Mesmo em viagens para ficar apenas dois dias em outra cidade, eu sempre quis ir a restaurantes que servissem comida nordestina. Não era peitica, como falamos os recifenses, era um cordão ligado ao útero do Recife.

Por Urariano Mota*

Rua Aurora Recife

Havia sempre em todas as ruas de outros lugares uma falta, ora do cheiro de mar, ora do Capibaribe, ora do suco de graviola, de cajá, de feijão com charque e jerimum, das coisas mais caras que fazem uma identidade. Se estou em João Pessoa, cidade bonita e acolhedora, na praia de Tambaú descubro com exclamações o restaurante Gambrinus, mesmo nome do bar que existia na Marquês de Olinda, em nossa juventude. O Recife traz para mim a situação daquela música de Herivelto Martins, “Pensando em ti”. Escrevo agora vendo na memória o Rio Capibaribe, olhando-o de cima, tendo às margens as ruas do Sol e da Aurora.

O leitor já vê que o campo dos significados deste dicionário amoroso não foi consideravelmente apurado quanto à exatidão e clareza. Como pode o coração ser exato? Os significados neste livro vêm na nuvem da memória e do sentimento. Ou numa tentativa de ser mais preciso: a memória fala daquilo que a marcou. É sentimemória ou memória sentimentada. A clareza será percebida pela empatia que a expressão escrita desperte. Falo para humanos a humanidade do Recife. A clareza, se felicidade eu tiver, virá daí. A exatidão, se ocorrer, virá da verdade com que o dicionarista ousou imprimir nos verbetes, ou nas definições da alma da cidade que fala à semelhança de verbetes.

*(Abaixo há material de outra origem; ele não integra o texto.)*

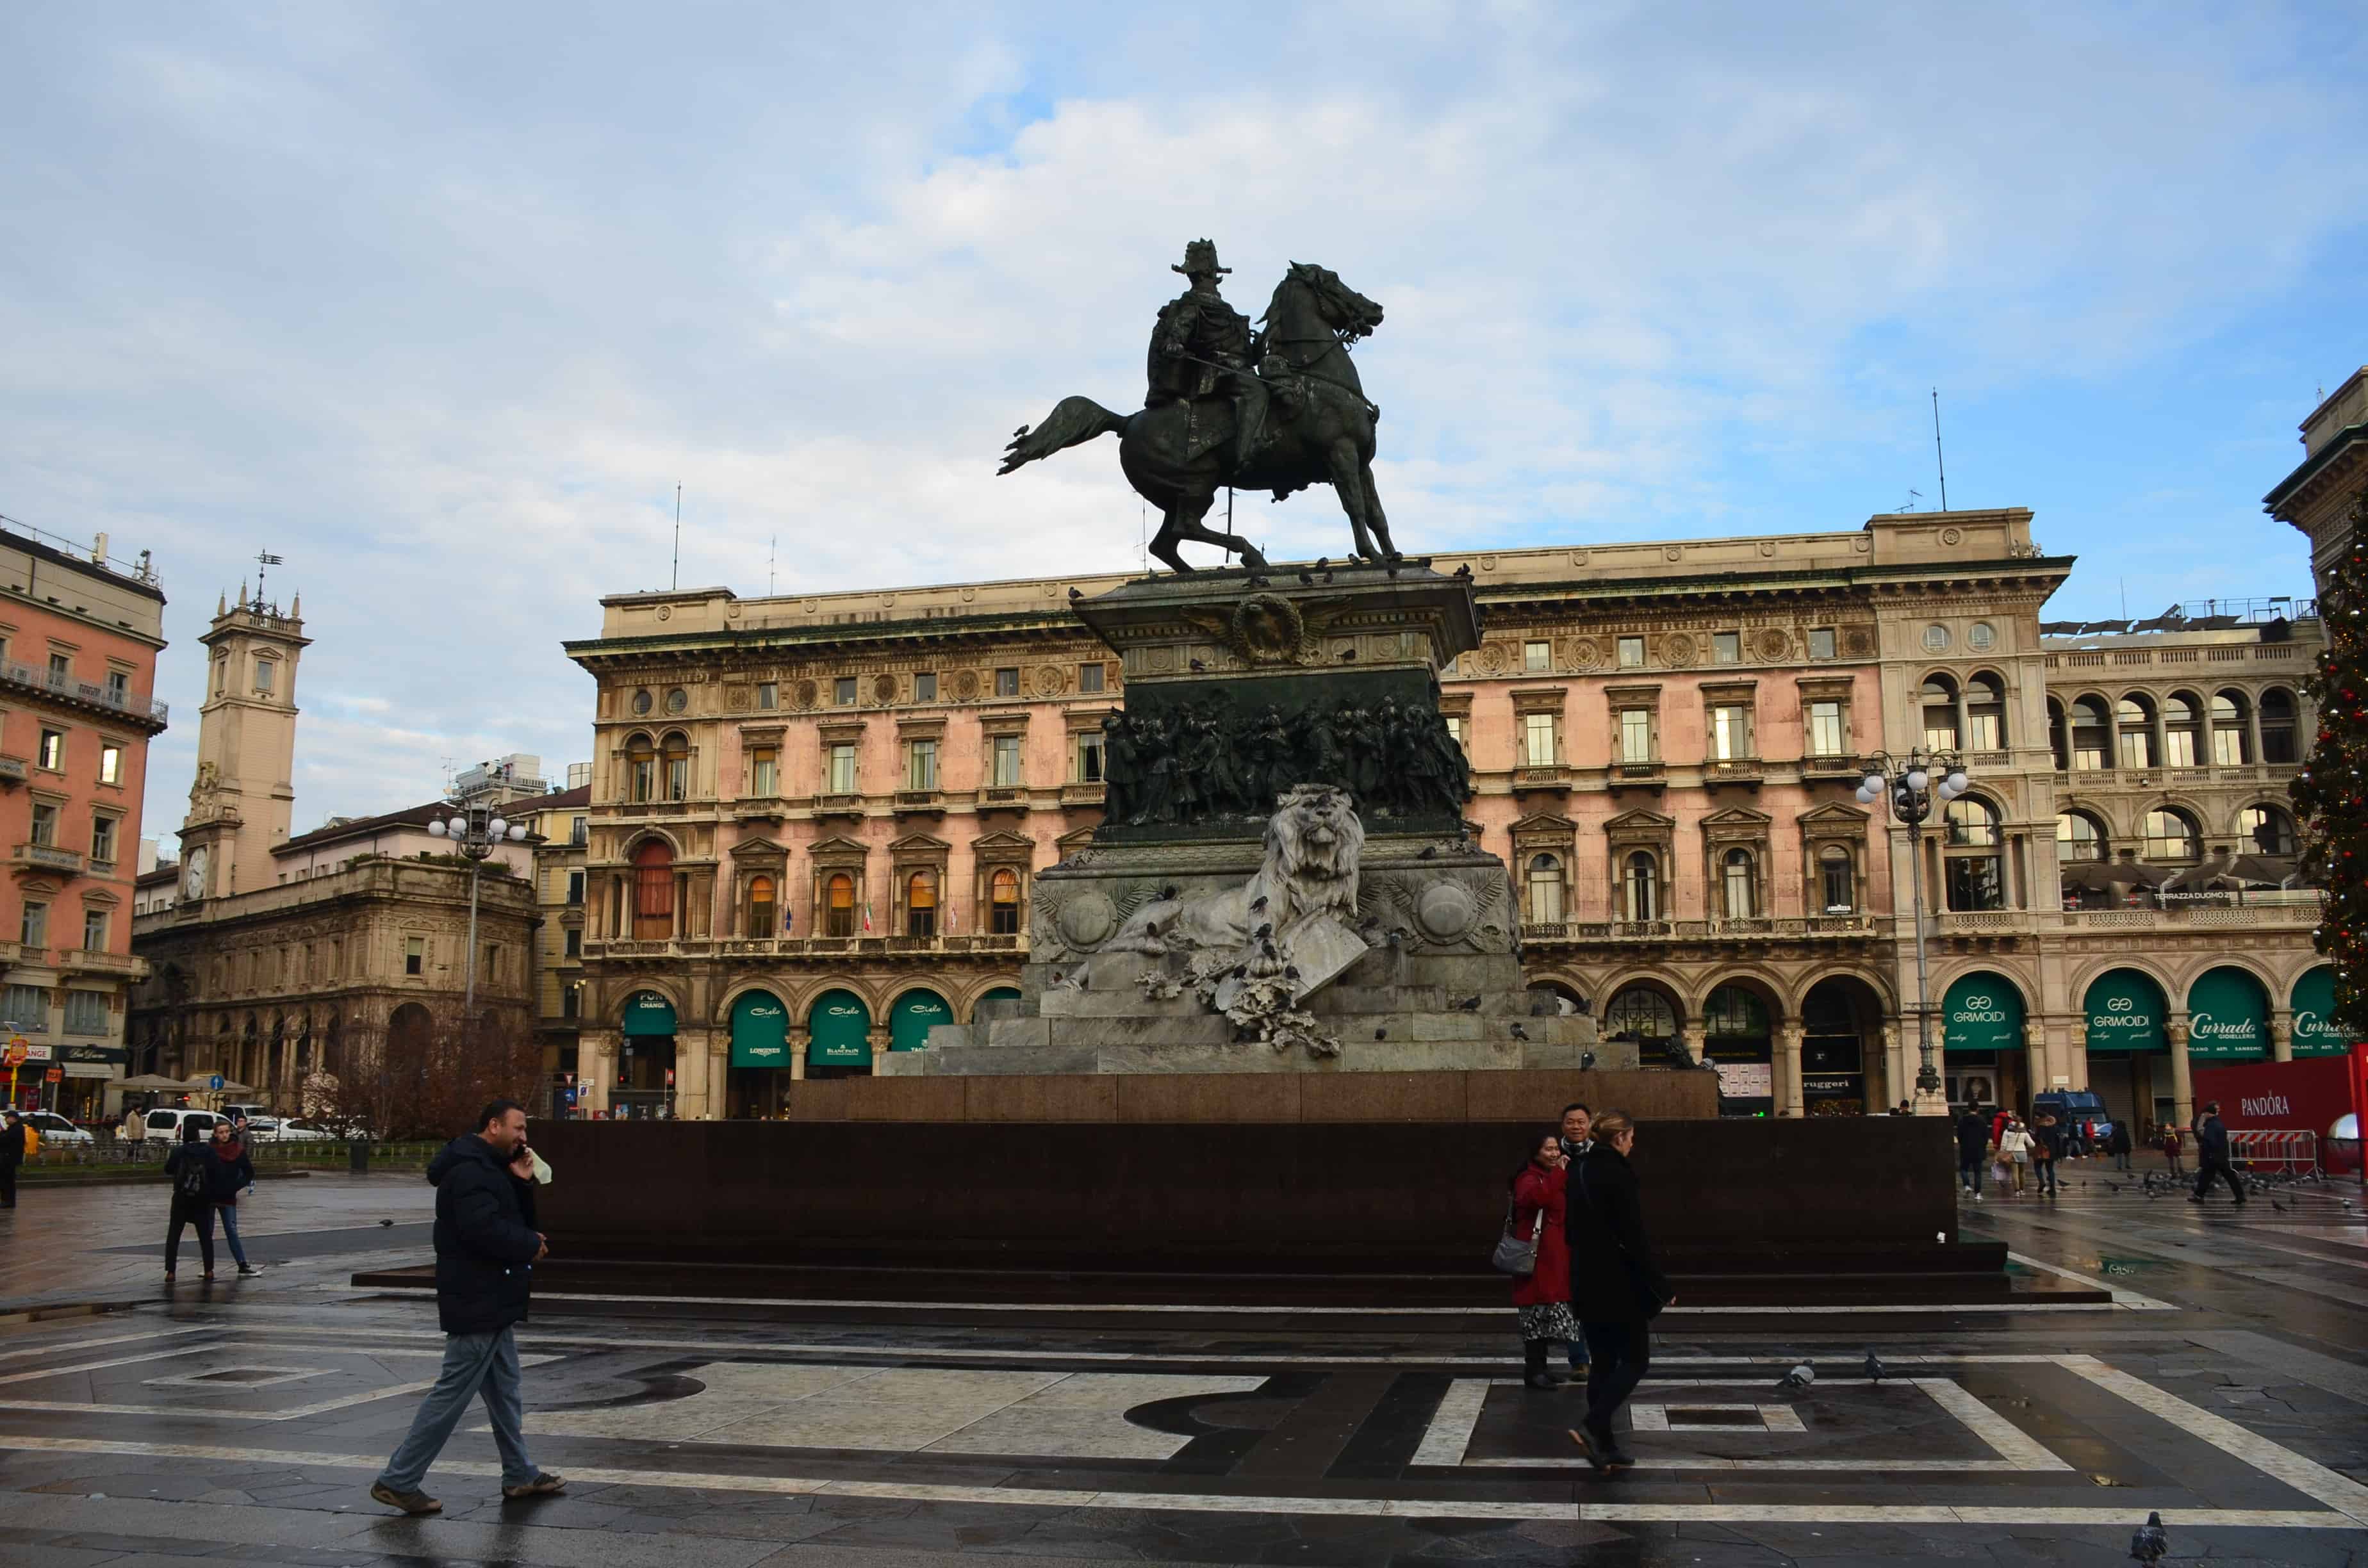 Vittorio Emanuele II monument in Milan, Italy

Os autores de dicionários falam sempre que, em relação à primeira edição, centenas de milhares de alterações foram introduzidas em todos os elementos componentes (com o perdão da rima, mas dicionarista raro sabe escrever) da edição anterior. Mas neste caso, em que a primeira edição se faz agora, as alterações se registram nas mudanças da cidade. Como no deslocamento do que antes era “o centro do Recife”, ou no sentido das translações do carnaval do Recife, que cresceu pela incorporação do carnaval de Olinda. Ou então no sonho do que foi e teria sido o Teatro Marrocos, lugar de perdição pelo que dele imaginavam os jovens que não tinham 18 anos ou dinheiro para vê-lo. Os olhos que recuperam o passado não se deleitam nele, porque seguem para a transformação da cidade além do espaço físico, porque atingem os gostos e costumes do Recife.

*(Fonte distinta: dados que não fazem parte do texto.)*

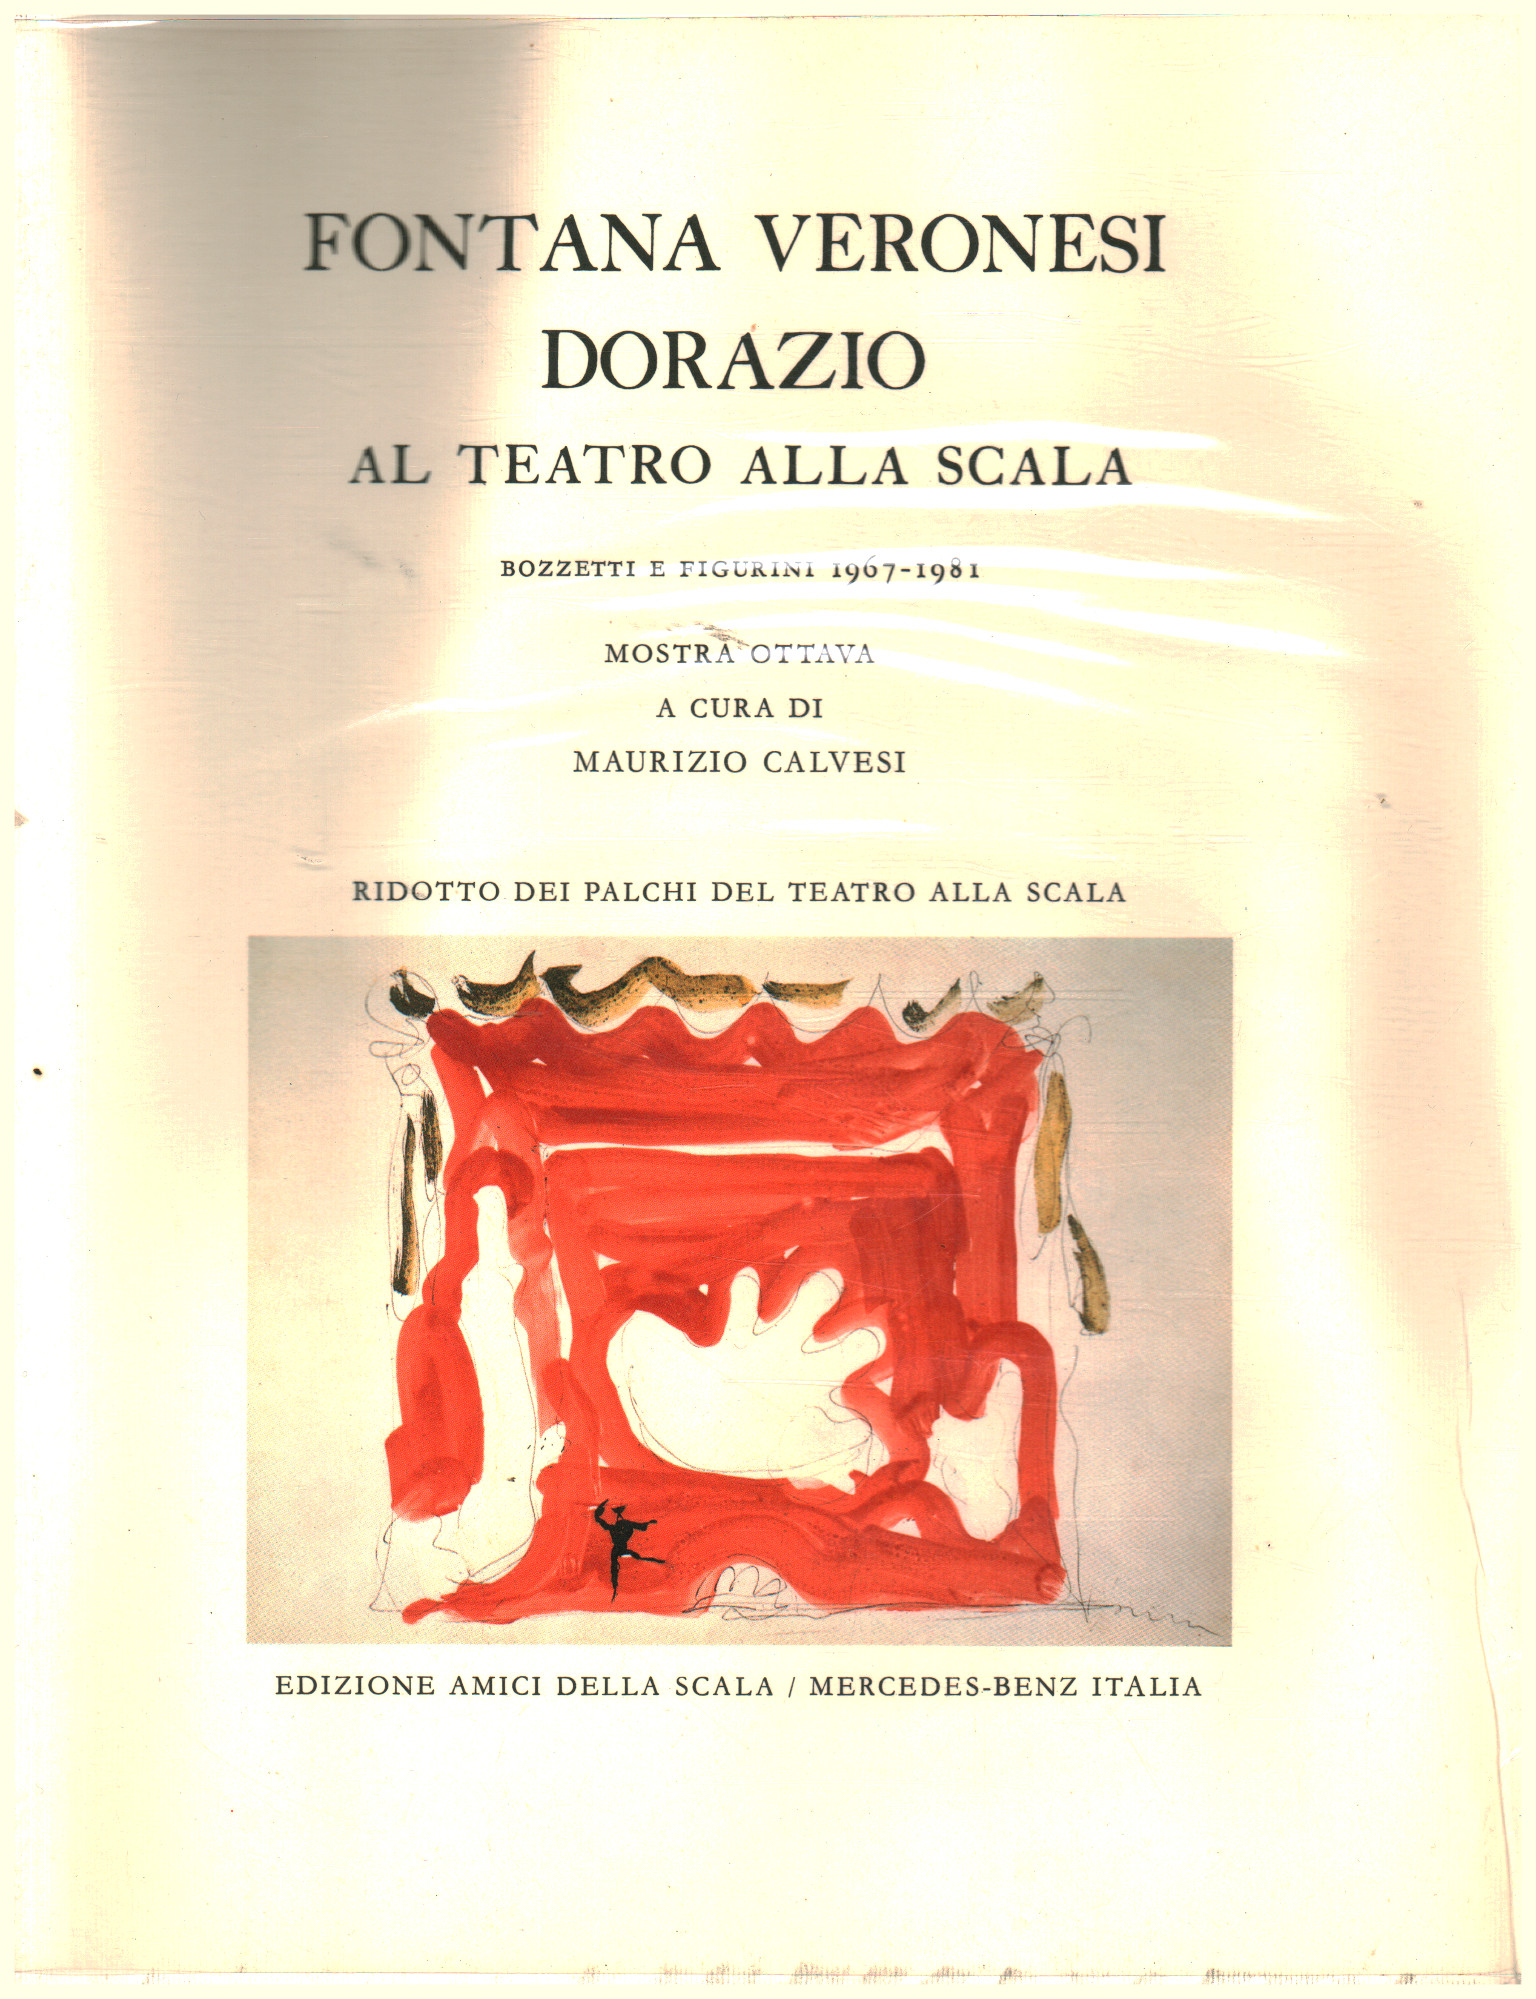 Veronesi Fountain Dorazio at the Teatro alla Scala, Maurizio Calvesi

É claro, como bem acertam os grandes lexicógrafos, “não há como ser definitivo e muito menos exaustivo no mister da lexicografia”. Alertando para o mister aí, que não é o paroxítono “Mister” senhor, mas oxítono como clister, e com o sentido de ofício ou trabalho, anotamos que o dicionário de uma cidade jamais será definitivo ou exaustivo. Será de exaustão apenas para quem o faz. Isso porque a cidade é mais resistente a uma conformação de A até Z, que o léxico autoriza. Na cidade, mais rápido que na língua, tudo é mudança. Ou descaracterização, a depender do prefeito.

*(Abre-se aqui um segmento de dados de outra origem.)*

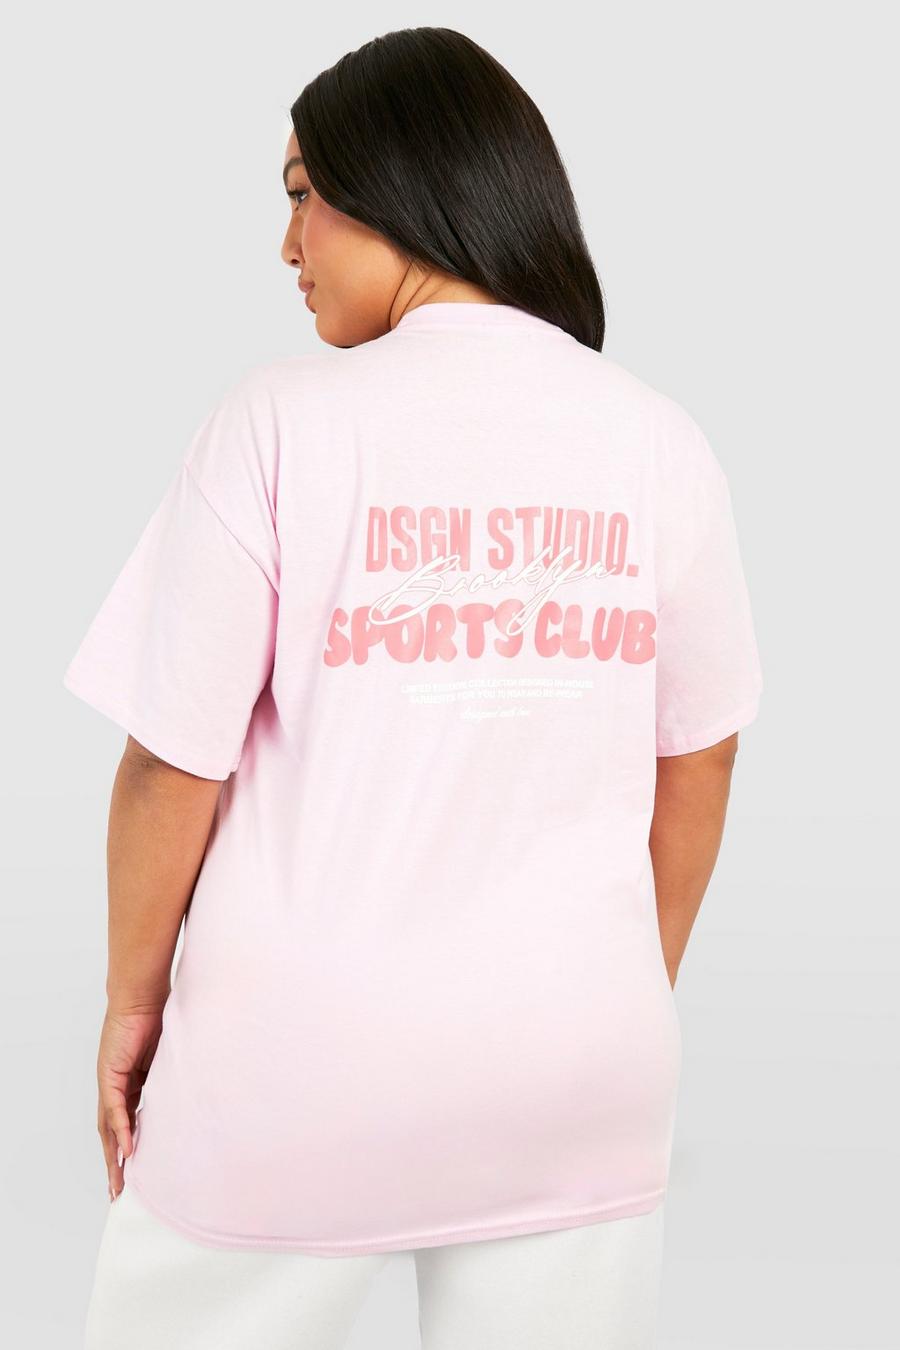 Camiseta Plus con estampado Dsgn Studio Brooklyn, Baby pink image number 1

Por isso, “no que tange à datação do primeiro registro das palavras em português, pudemos antedatar, por vezes de séculos…”, não, este dicionarista aqui não é de séculos, apesar de, pelas barbas brancas, haver quem o chame de Papai Noel. Embora não venha das gerações anteriores à dos avós dos leitores, devo dizer que as referências à cidade se fazem com o que aprendi e me foi transmitido por gerações que vieram antes do meu nascimento. Isso quer dizer, para sair do analítico: este sotaque, este gosto, este amor pelas coisas pernambucanas, todas as características do que somos, vêm da história, que faz o nosso modo de ser até nas ações de que não nos damos conta. Essa defesa da amizade, esse conversar tocando nas pessoas, essa voz que fala ao telefone como se gritasse para ser ouvida do outro lado do mundo, esse afeto com cara de grossura no que é mais sensível que pétala de flor, esta vergonha ou pudor de falar “te amo bem mais que a mim mesmo”, não nasceram com a gente. Nasceram antes, foram construídas antes de Frei Caneca, foram sedimentadas pelos rebeldes que substituíram o vinho pela cachaça, desde o tempo em que Pernambuco era a maior dor de cabeça do império português.

Em resumo, enfim, para uma explicação deste dicionário amoroso: todos cantam a cidade onde nasceram. Eu canto o Recife.